Com tudo isso, muitos parecem ansiosos para saber o dia em que Toffoli deixará a relatoria do caso. Há quem acredite, no entanto, que, com sua saída, o Supremo se “salvará” e a democracia voltará ao curso normal. Trata-se de uma ilusão confortável e também perigosa.
Quando Toffoli sair da relatoria, não se iniciará um processo de cura no STF, mas uma nova etapa da doença: um repeteco do que foi feito pelas mãos do próprio Toffoli conta a Lava Jato, enterrando provas e livrando todo mundo.
A advocacia criminal de elite fará o serviço de explorar as trapalhadas jurídicas — propositais ou não — de Toffoli em busca de nulidades, atropelos processuais e decisões heterodoxas. Provas, apreensões, celulares e documentos poderão acabar inutilizados como frutos de procedimentos que venham a ser considerados viciados.
Quando outro ministro assumir a relatoria, ou quando o processo retornar à primeira instância, qualquer juiz minimamente comprometido, e com ao menos dois neurônios que dialoguem entre si, terá de reconhecer as irregularidades e nulidades, deixando todo mundo livre. Toffoli fora proporcionará uma alternativa “light” à desliquidação do Master: não se ressuscita o banco, anulando o crime, mas se impede a punição dos envolvidos.
O STF nos coloca numa sinuca, mas a escolha precisa ser feita. E deve ser pela saída de Toffoli. Não se pode aceitar, passivamente, que o ministro siga conduzindo, sob a batuta da imoralidade completa, o caso Master.

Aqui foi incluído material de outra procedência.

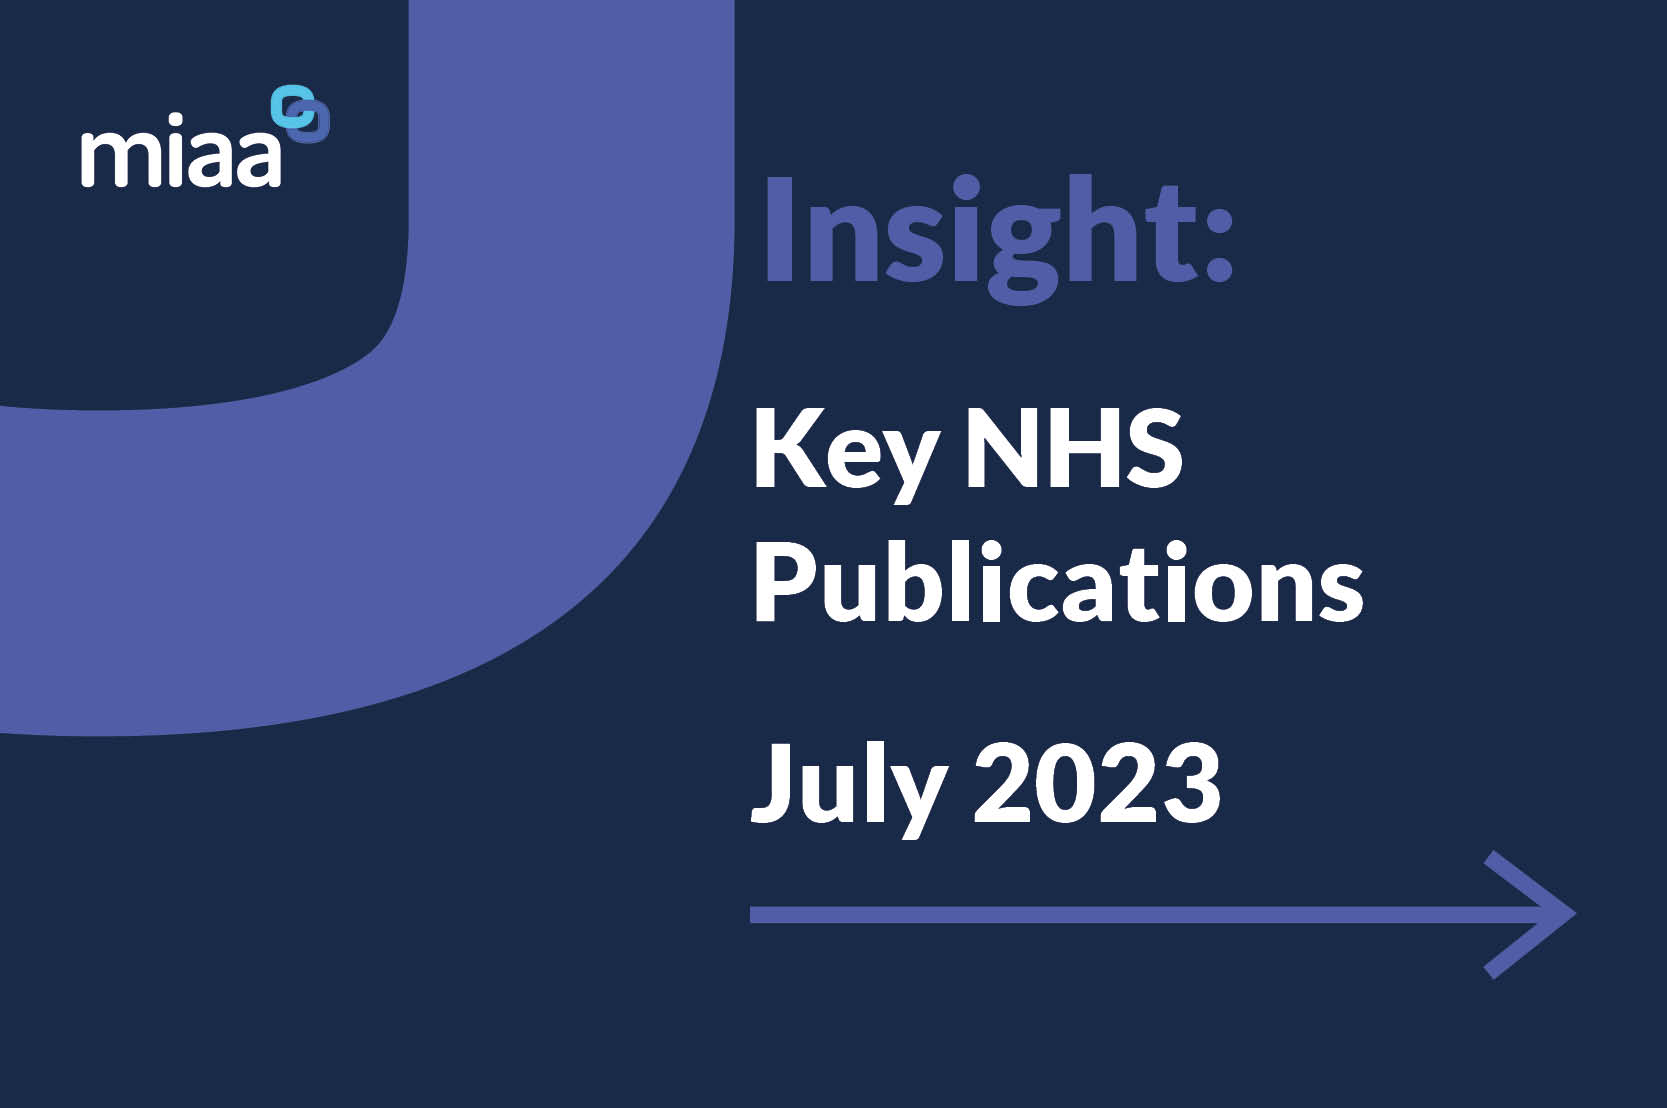 NHS Key Publications - July 2023

Se tentarem anular tudo, seguindo o roteiro do que foi feito contra a Lava Jato, caberá à imprensa e à sociedade cobrar explicações, pressionar por transparência e expor a engrenagem deste escândalo, mesmo após o afastamento de Toffoli, evitando que a normalização do desmantelamento da Lava Jato se repita com o caso Master.